Went on the photohunt with my 70-200 2.8 II testing my new E2xIII.

As I consider myself a passionate amateur I am happy about tips and feedback to improve!


----------



## christopher.nahler (May 25, 2013)

Most closeups where done with 400mm (2x200mm). The "faster" ones without the extender.


----------



## christopher.nahler (May 25, 2013)

The variety of birds if just amazing here.


----------



## christopher.nahler (May 25, 2013)

That's it!

So let me know what you think.

Chris


----------



## Mr Bean (May 25, 2013)

Some nice pics there. What camera body were you using? The pic's of the birds in the reeds can be frustrating / challenging due to the clutter and the auto focus. I've taken so many pics of in-focus twigs with out of focus birds on them


----------



## rpt (May 25, 2013)

Mr Bean said:


> Some nice pics there. What camera body were you using? The pic's of the birds in the reeds can be frustrating / challenging due to the clutter and the auto focus. I've taken so many pics of in-focus twigs with out of focus birds on them


It is in the EXIF. 7D with 70-200L II and 2x.

Lovely pictures.


----------



## Click (May 25, 2013)

Very nice pictures Christopher. 8)


----------



## christopher.nahler (May 25, 2013)

Yes, 7D. In fact that was one of the main reasons why I got it, hoping to be able to catch moving animals in focus.

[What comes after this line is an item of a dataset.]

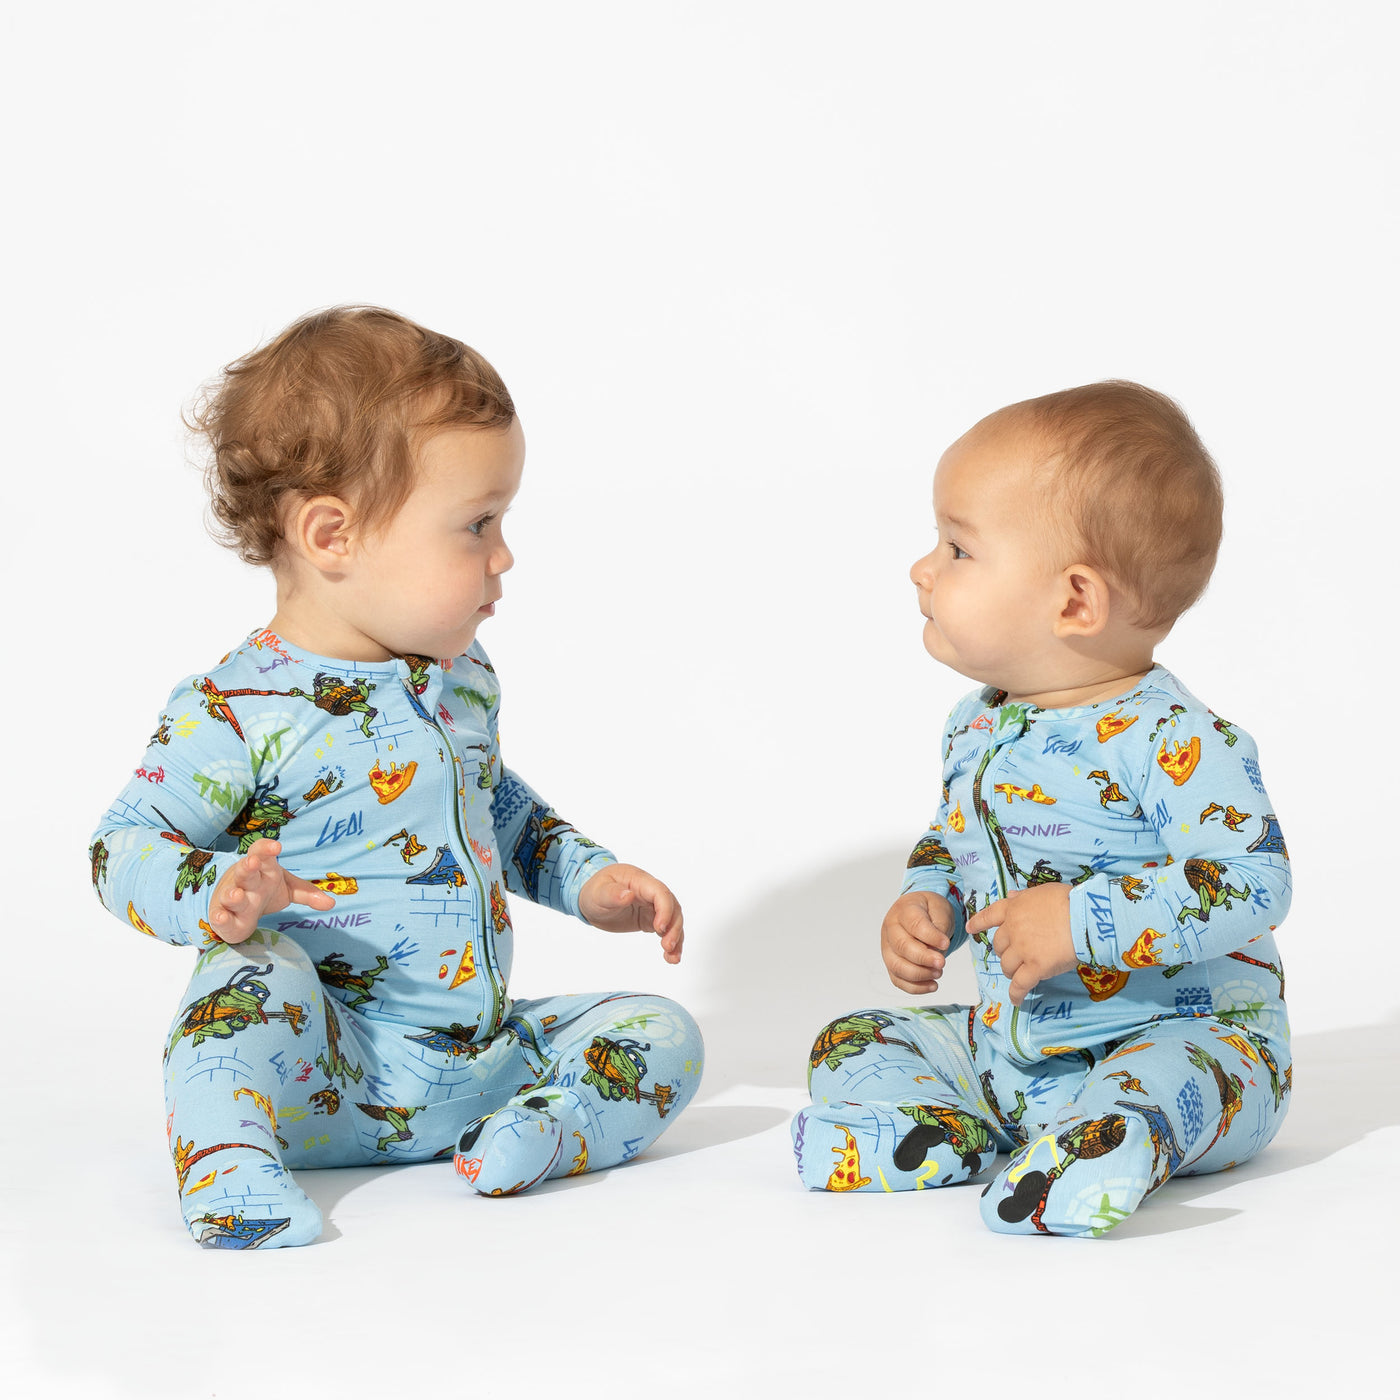 Infant Baby Teenage Mutant Ninja Turtles TMNT 6/12 Months Pajamas Costume
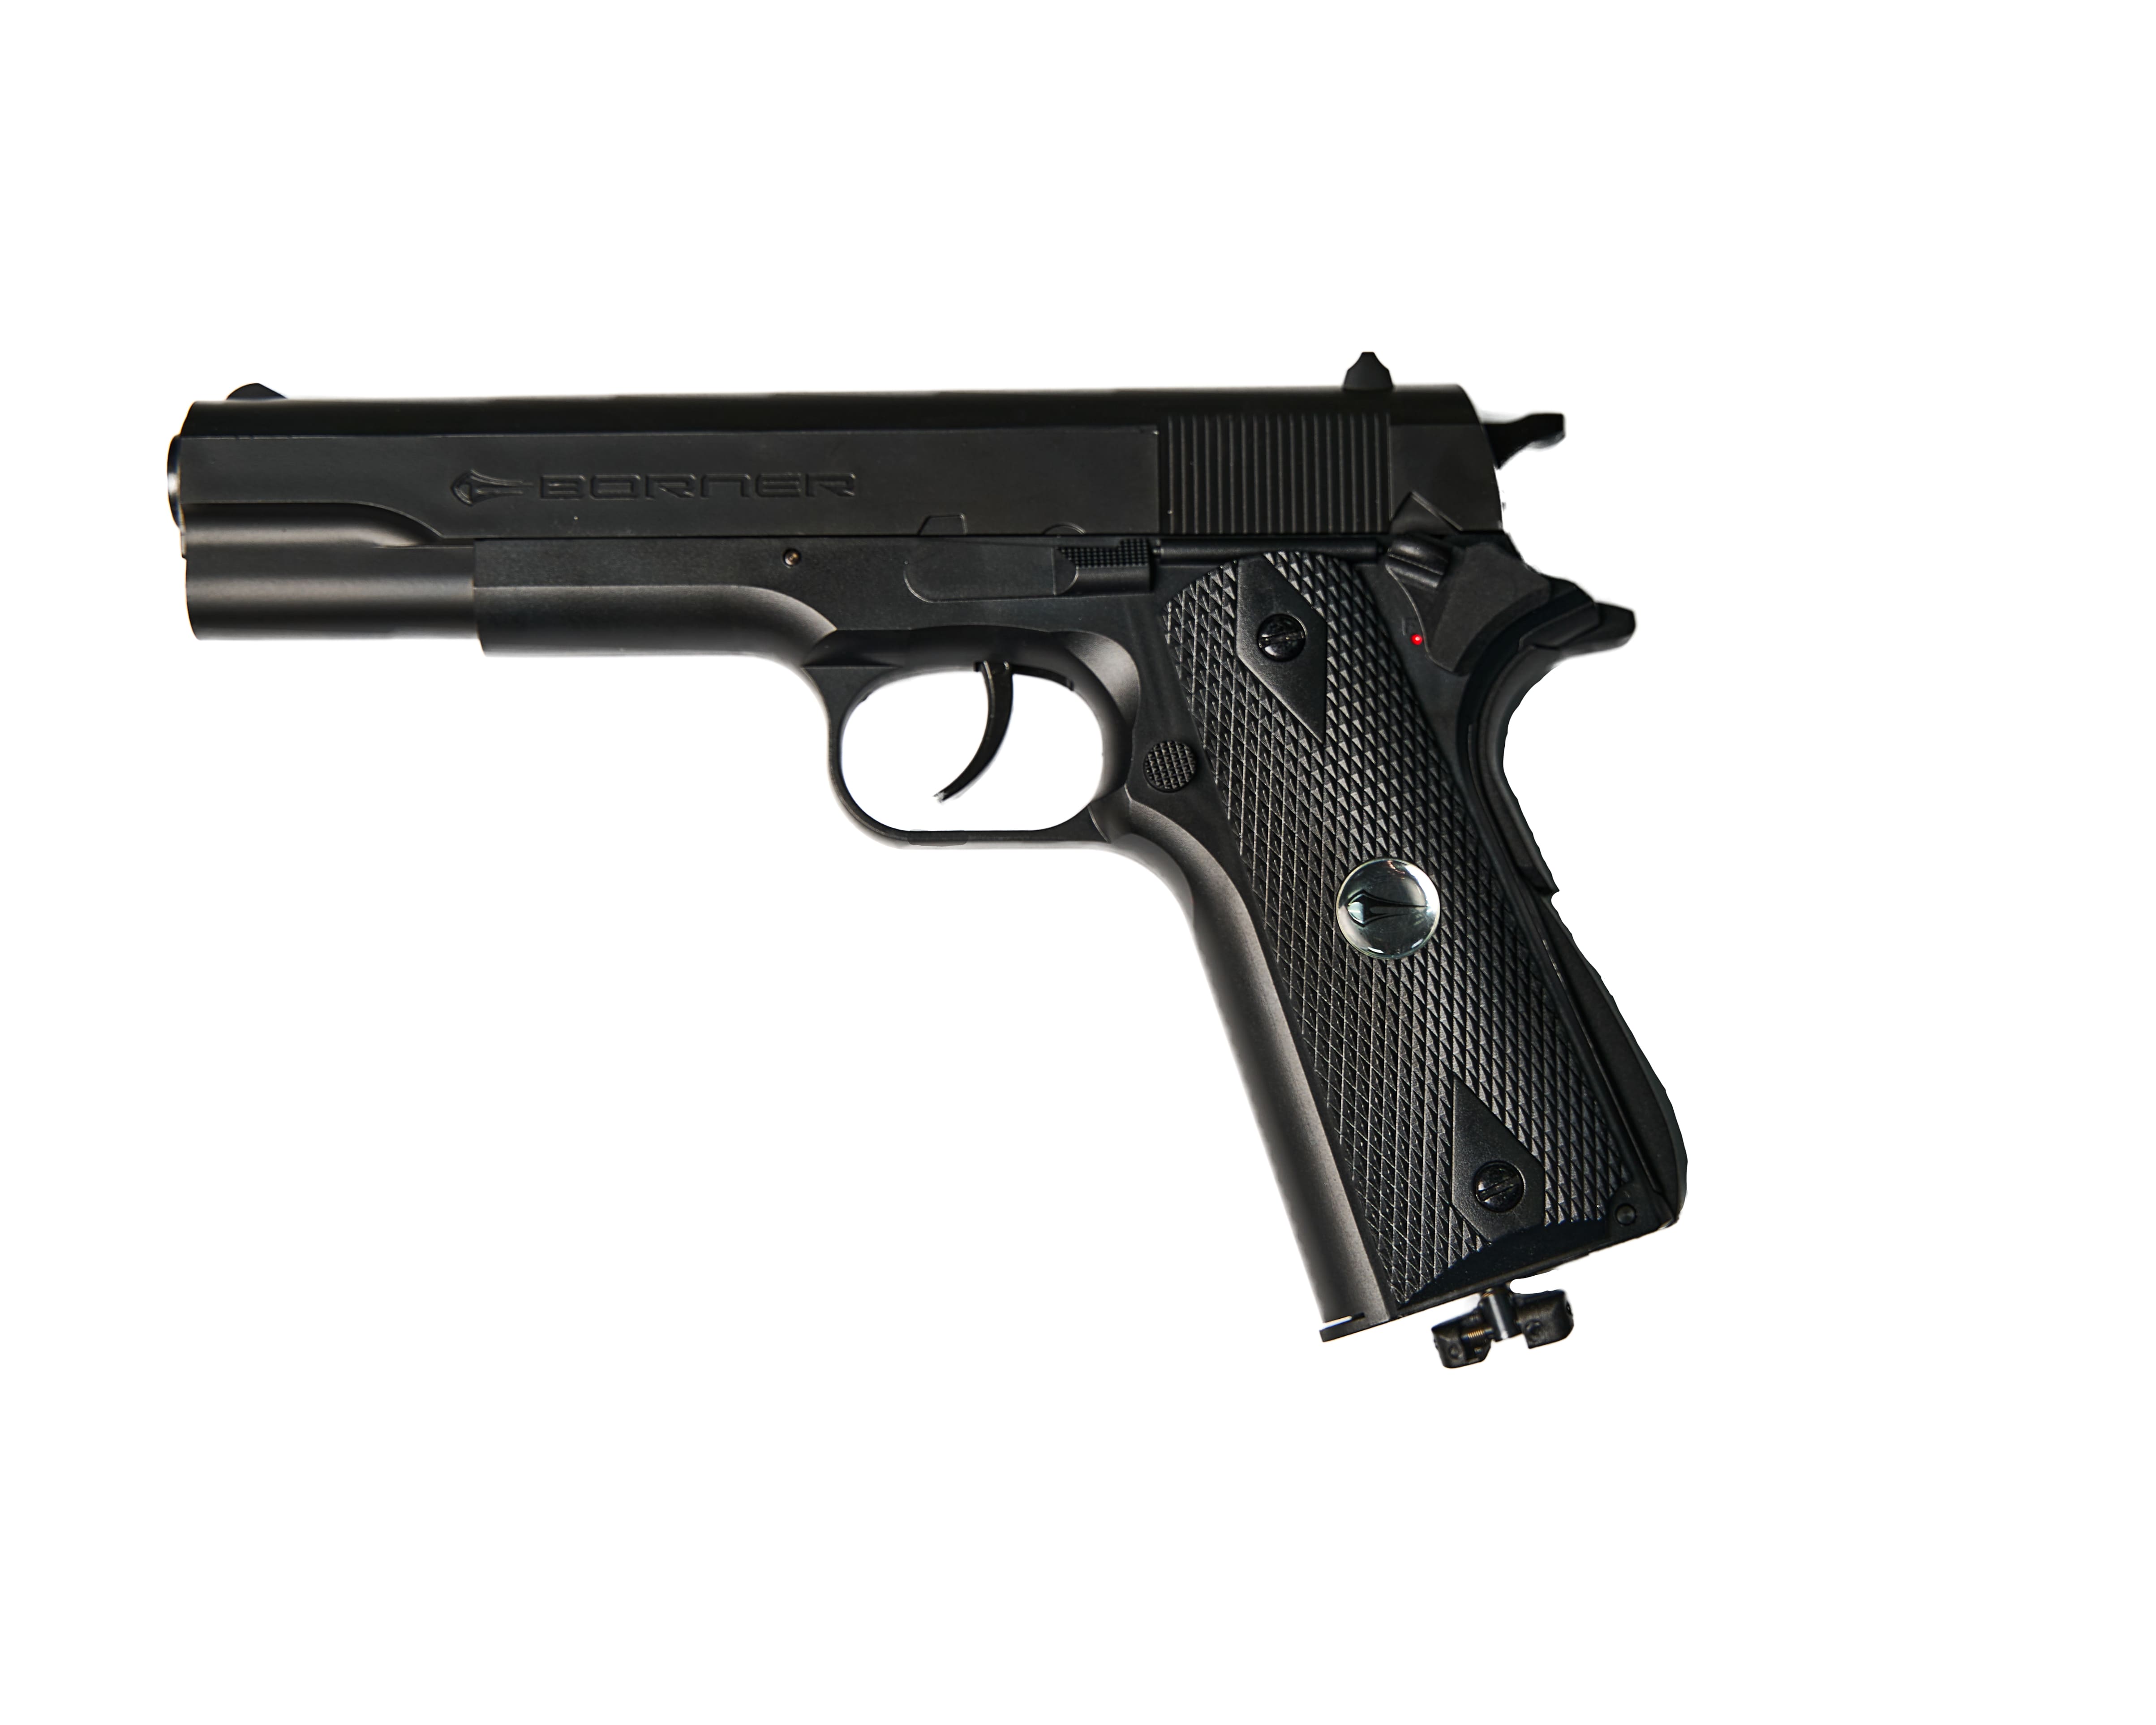 Пистолет Borner CLT125 Colt 4.5мм

LOL, yes I know what you mean Mr. Bean. The camera needs some IQ to read my mind what I want to have in focus and what not. Thanks to digital age I just take more pictures and usually at least some of them are useable, esp when using spot AF and spot metering.

I also love the 3 custom settings you can register so I am able to instantly switch between apropriate settings for a bird just flying over me and the flower I am spending time with on the ground.


----------